The 2008 National Prevalence Study of Clostridium difficile in U.S. Healthcare Facilities – the largest, most comprehensive nationwide study of the prevalence of C. difficile in U.S. health care facilities – indicated that 13 of every 1,000 inpatients were either infected or colonized with the bacterium. Patients typically develop CDI from the use of broad-spectrum antibiotics that disrupt normal gastrointestinal flora, allowing C. difficile bacteria to flourish.

ViroPharma Inc.'s Vancocin is the only antibiotic approved in the U.S. to treat infections caused by C. difficile, with other drugs, like metronidazole, being used off-label.

However, up to 30 percent of CDI patients treated with vancomycin or other drugs experience a recurrence of the disease. An additional approved antibiotic could give physicians another tool to fight the infection.

On the strength of its clinical data, Optimer licensed rights to fidaxomicin to Astellas Pharma Europe Ltd. in February for $68 million up front, supplementing its existing $59 million balance. The deal includes regulatory and commercial milestones up to $156 million, for a potential deal total of $224 million. The agreement gives Astellas rights to market fidaxomicin in Europe, where Optimer has a marketing authorization application pending, as well as the Middle East, Africa and the Commonwealth of Independent States. (See Bioworld Today, Feb. 8, 2011.)

Shortly after, Optimer supplemented its cash with an underwritten public offering of 6.9 million shares of common stock.
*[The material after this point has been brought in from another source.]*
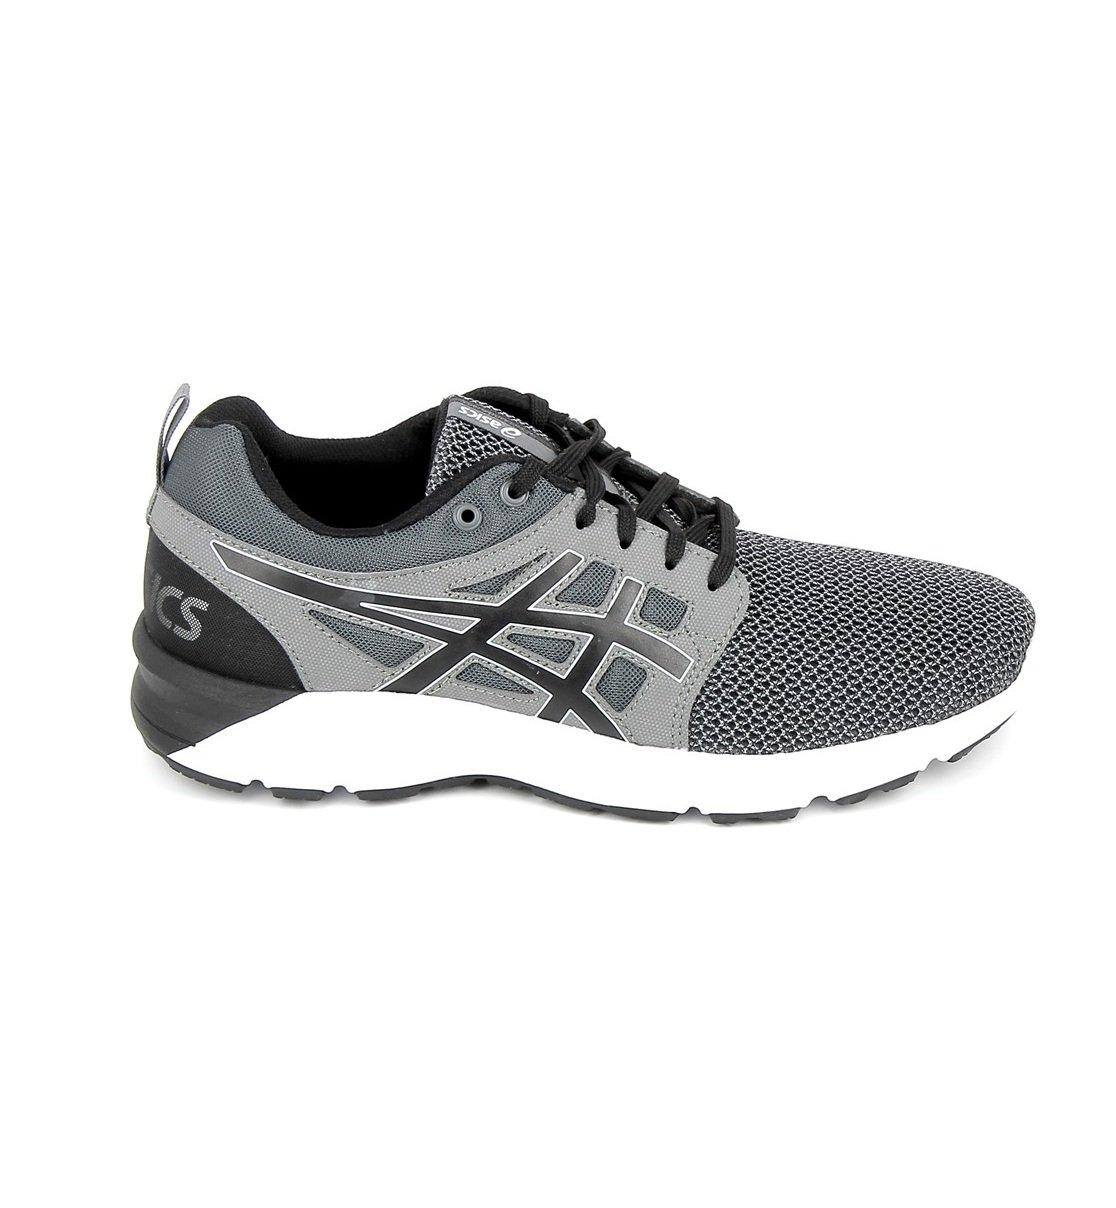 Zapatilla running hombre Asics Gel-Torrance (45, Negro) 45|gris carbone/noir/blanc

The offering, fully exercised by underwriters, totaled $77.6 million, with shares priced at $11.25. (See BioWorld Today, Feb. 14, 2011.)

Fidaxomicin, a macrolide antibiotic, and Optimer's other pipeline antibiotic Pruvel, a fluoroquinolone, are small-molecule drugs, but the company also develops carbohydrate-based biologics based on its One-Pot Synthesis (OpopS) platform.
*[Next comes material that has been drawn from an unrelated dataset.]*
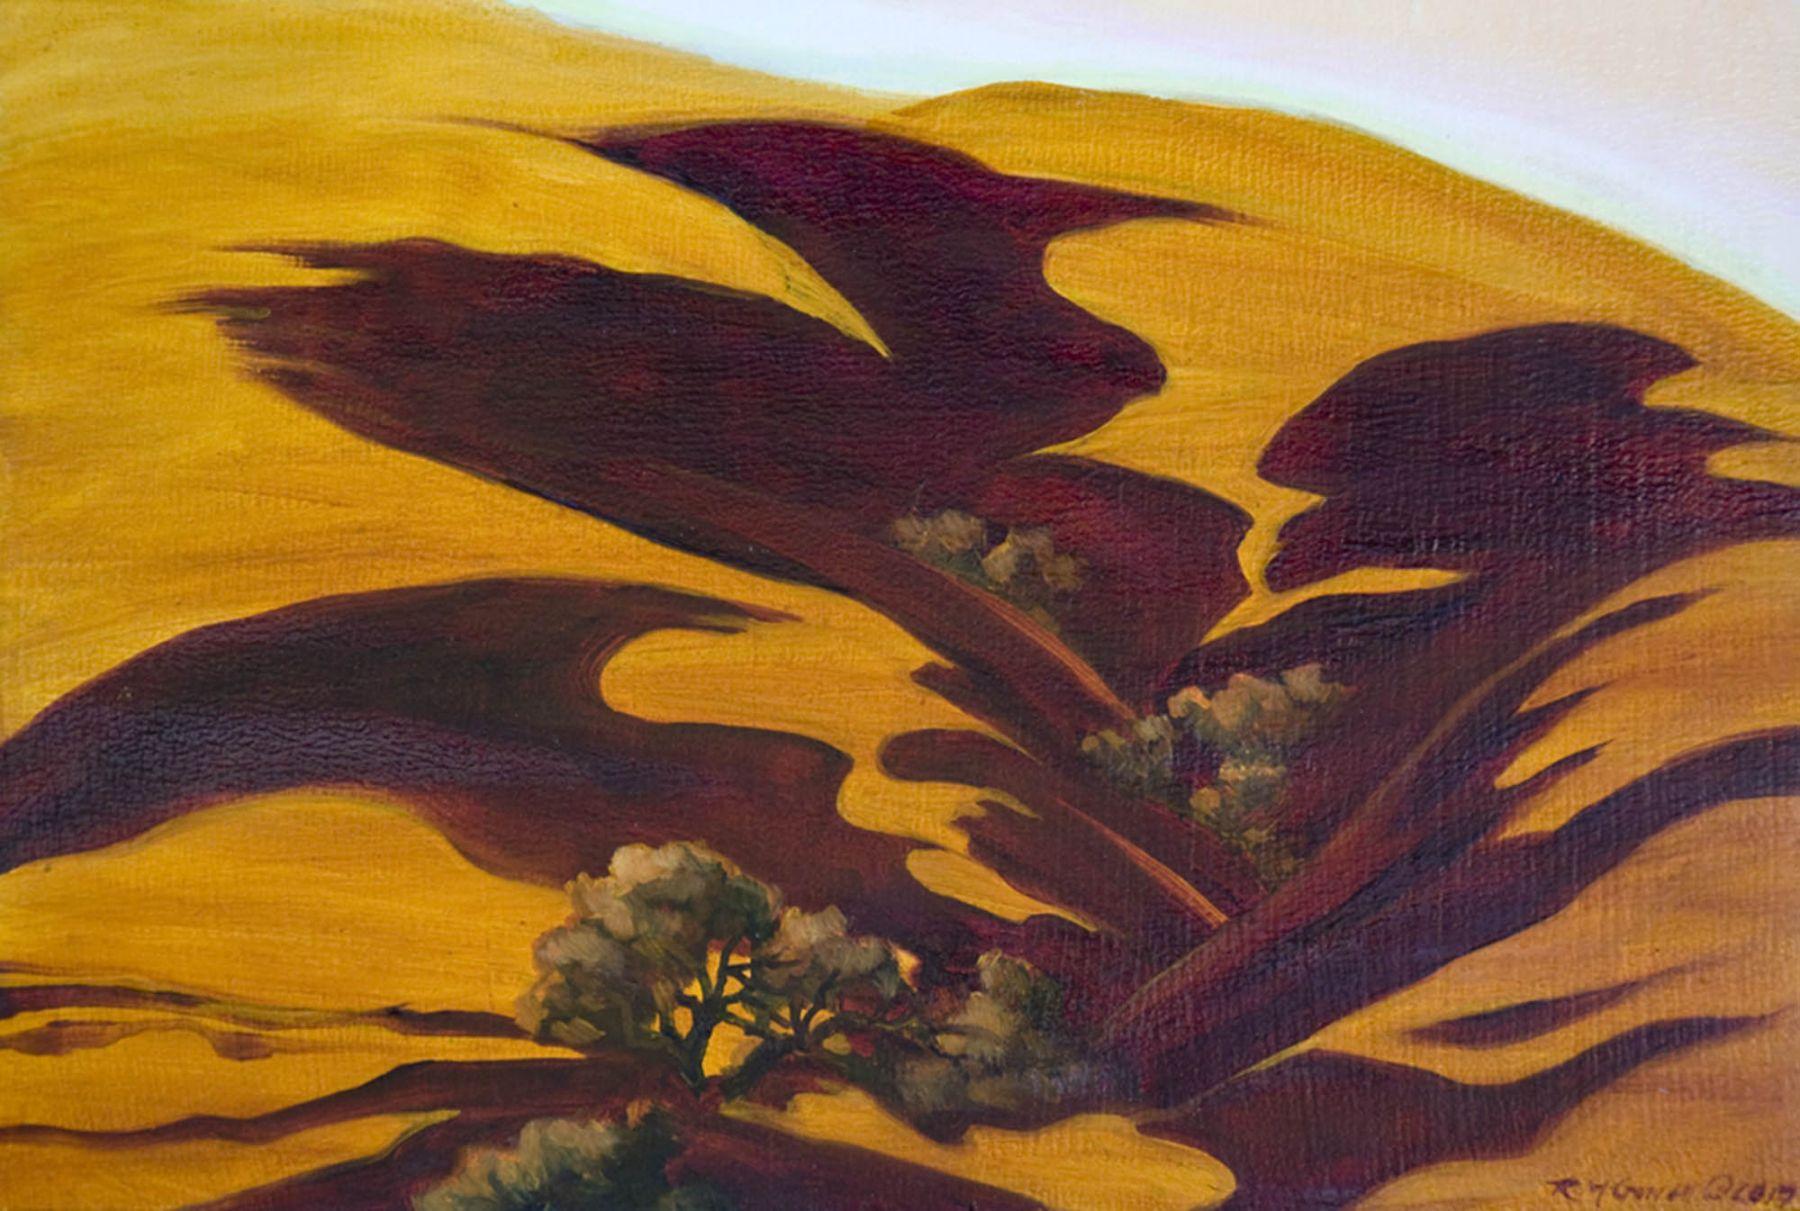 Robin Gowen, Shadows Flow, 2017

OPT-822/821 is a breast cancer antigen, Globo H, linked to a protein carrier that Optimer's subsidiary, OBI, is developing for metastatic breast cancer, originally licensed from the Memorial Sloan-Kettering Cancer Center. MSKCC has completed Phase I safety studies in prostate and breast cancer, and in January OBI began Phase II/III trials.

Optimer also has a new antibiotic, CEM-101 (previously OP-1068), targeted against bacteria that are resistant to macrolide and ketolide antibiotics, developed with its glyco optimization technology that has had some positive results in animal trials.